Work item :: Everything from the line with "Private patio at" down to the line with "Die Teigfladen werden" below must be printed exactly, those two lines included. Exclude pictures.

Task input ::
* * * * * * * * *

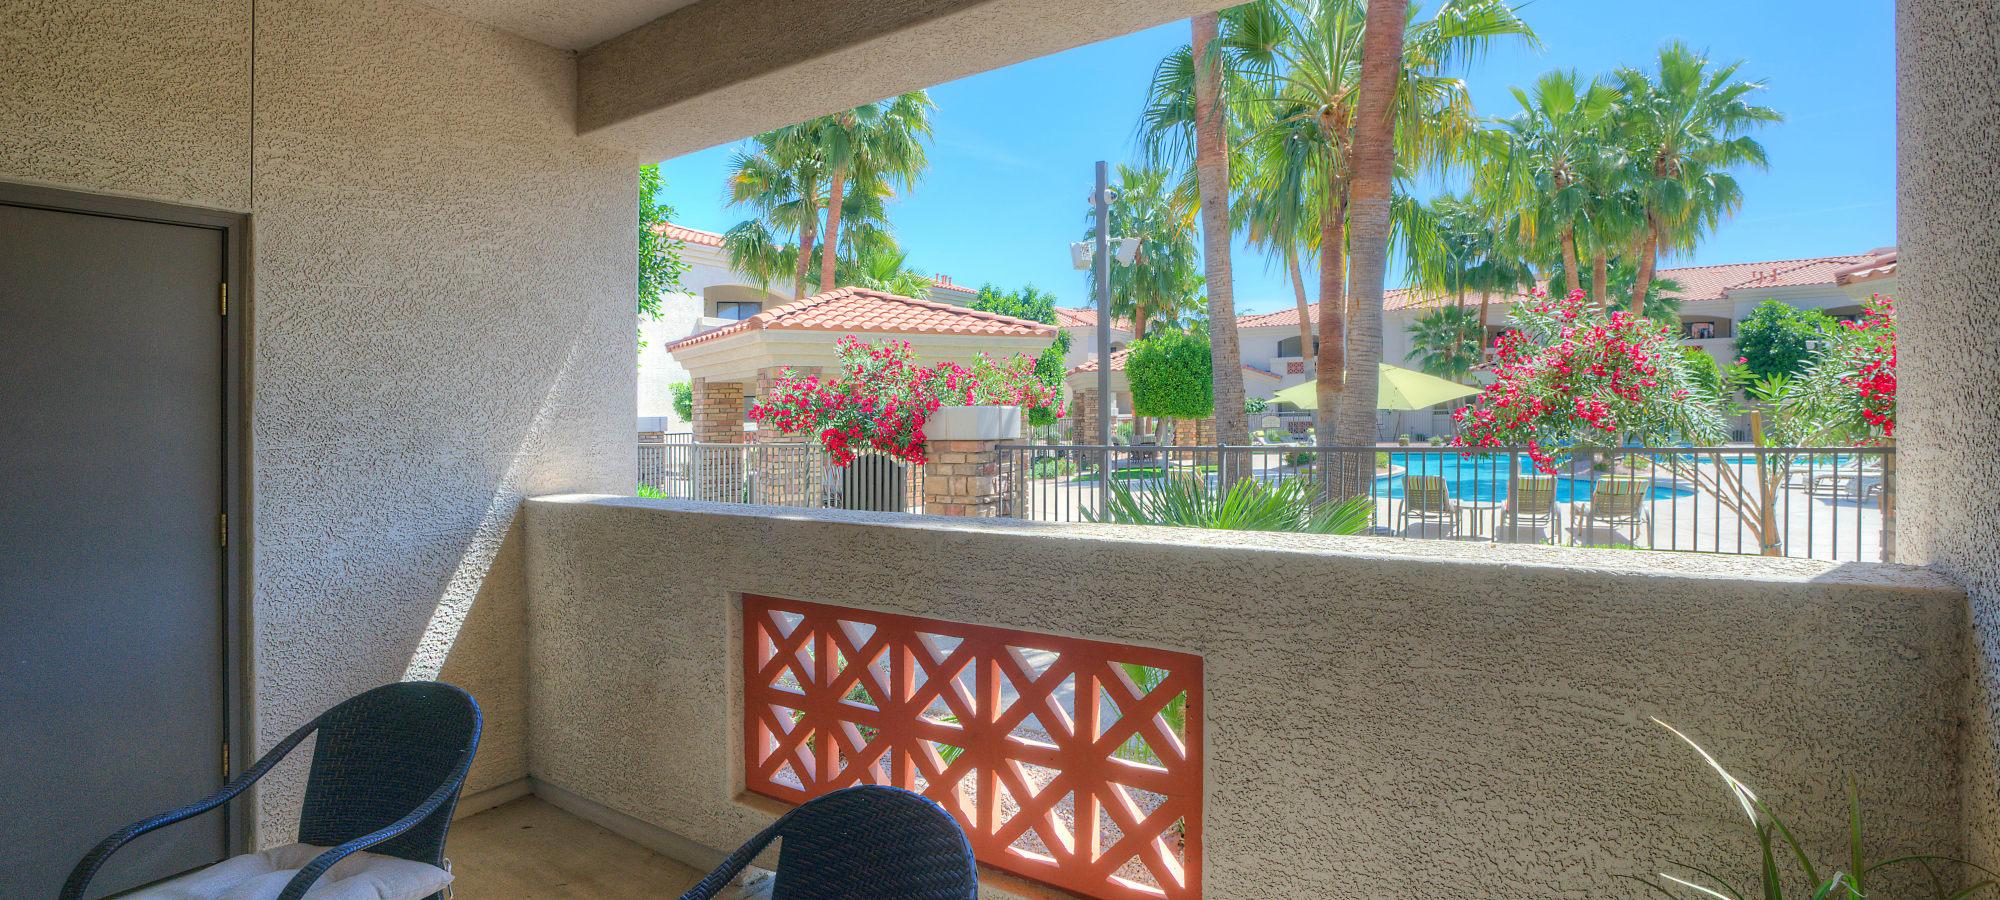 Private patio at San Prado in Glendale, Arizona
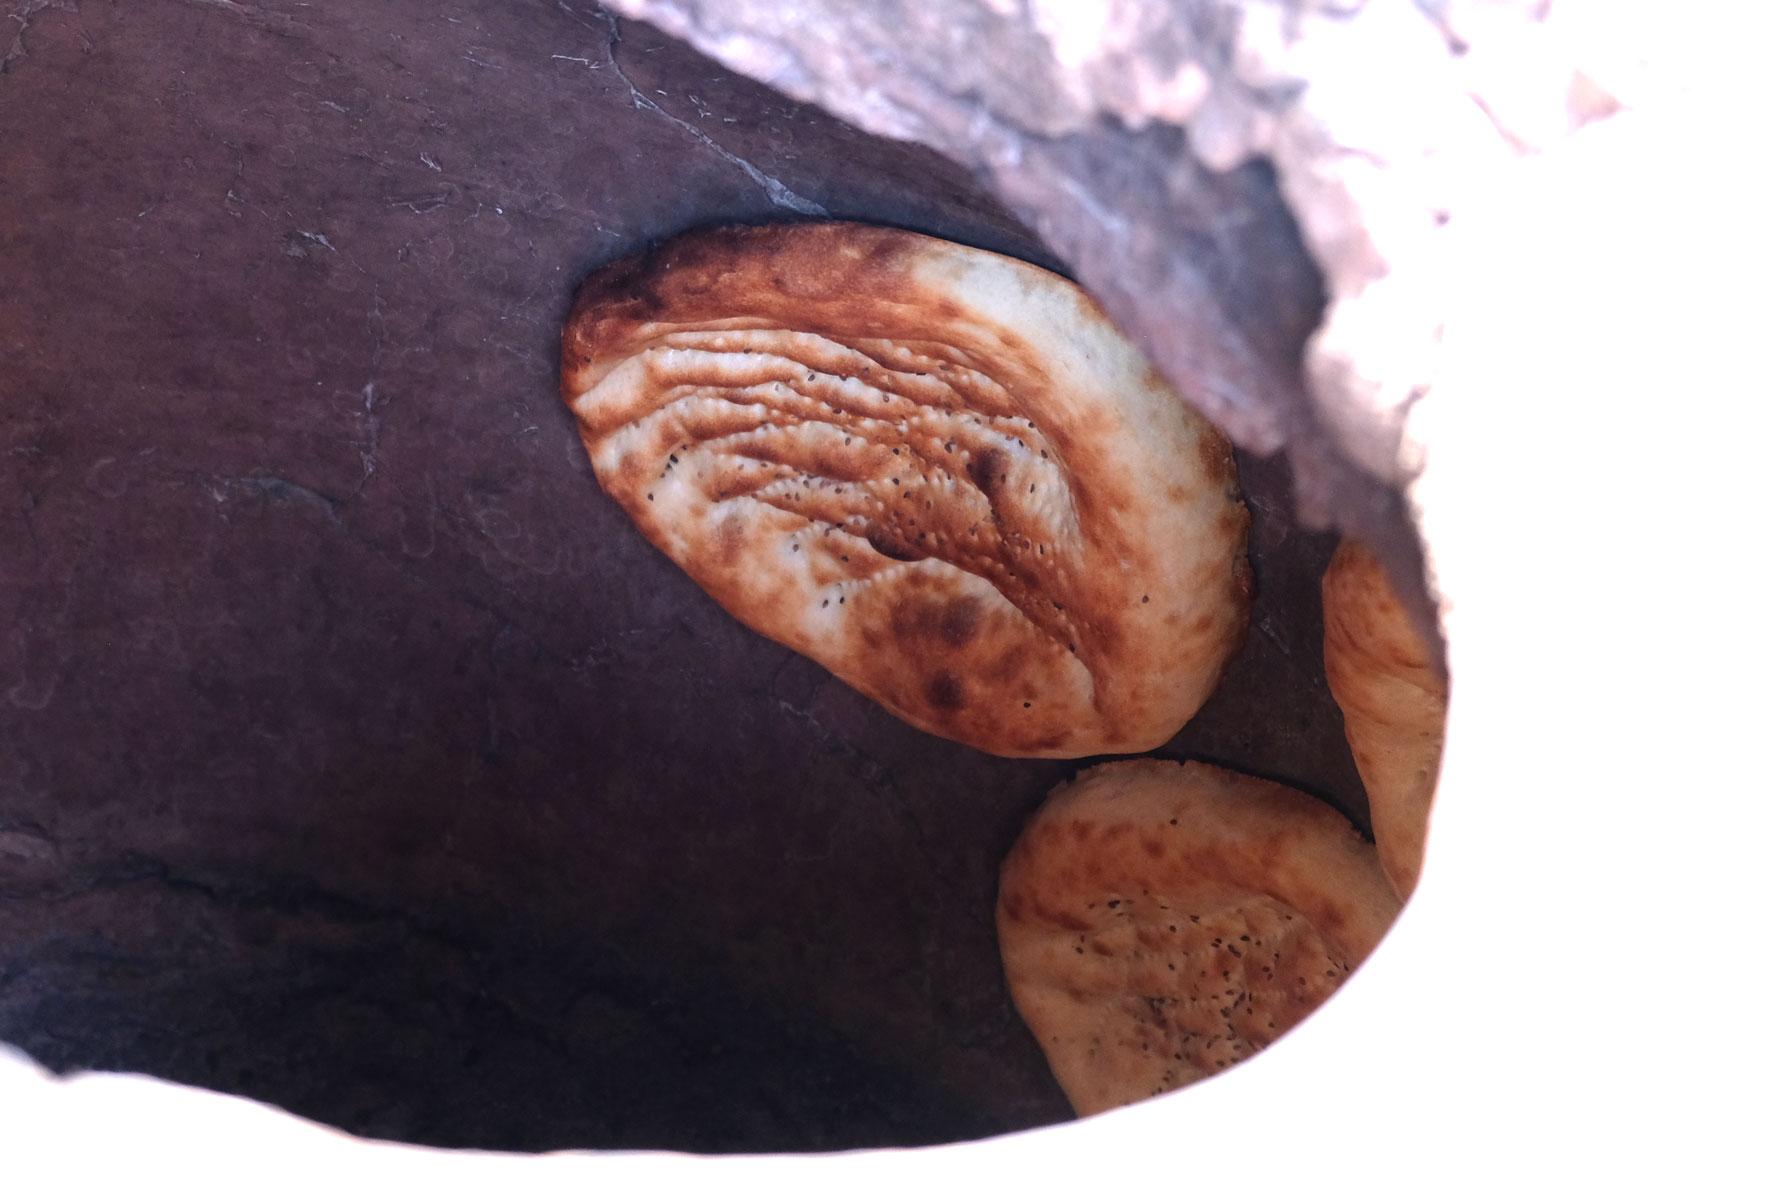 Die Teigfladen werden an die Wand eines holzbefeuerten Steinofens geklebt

* * * * * * * * *

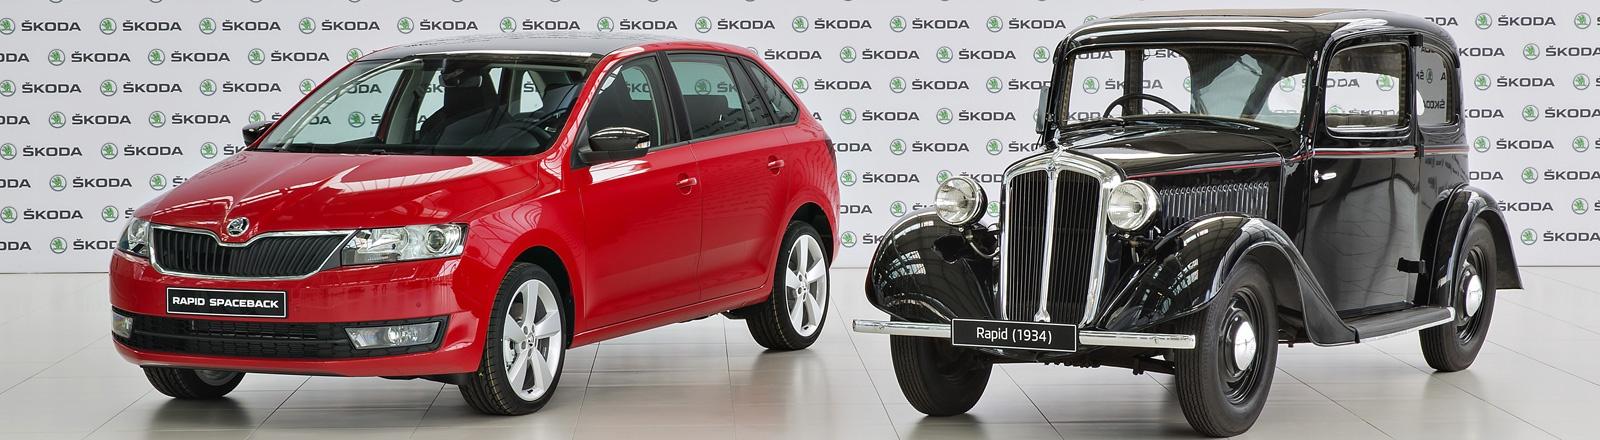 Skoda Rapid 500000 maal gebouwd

* * * * * * * * *

Written reply ::
 Private patio at San Prado in Glendale, Arizona
 Die Teigfladen werden an die Wand eines holzbefeuerten Steinofens geklebt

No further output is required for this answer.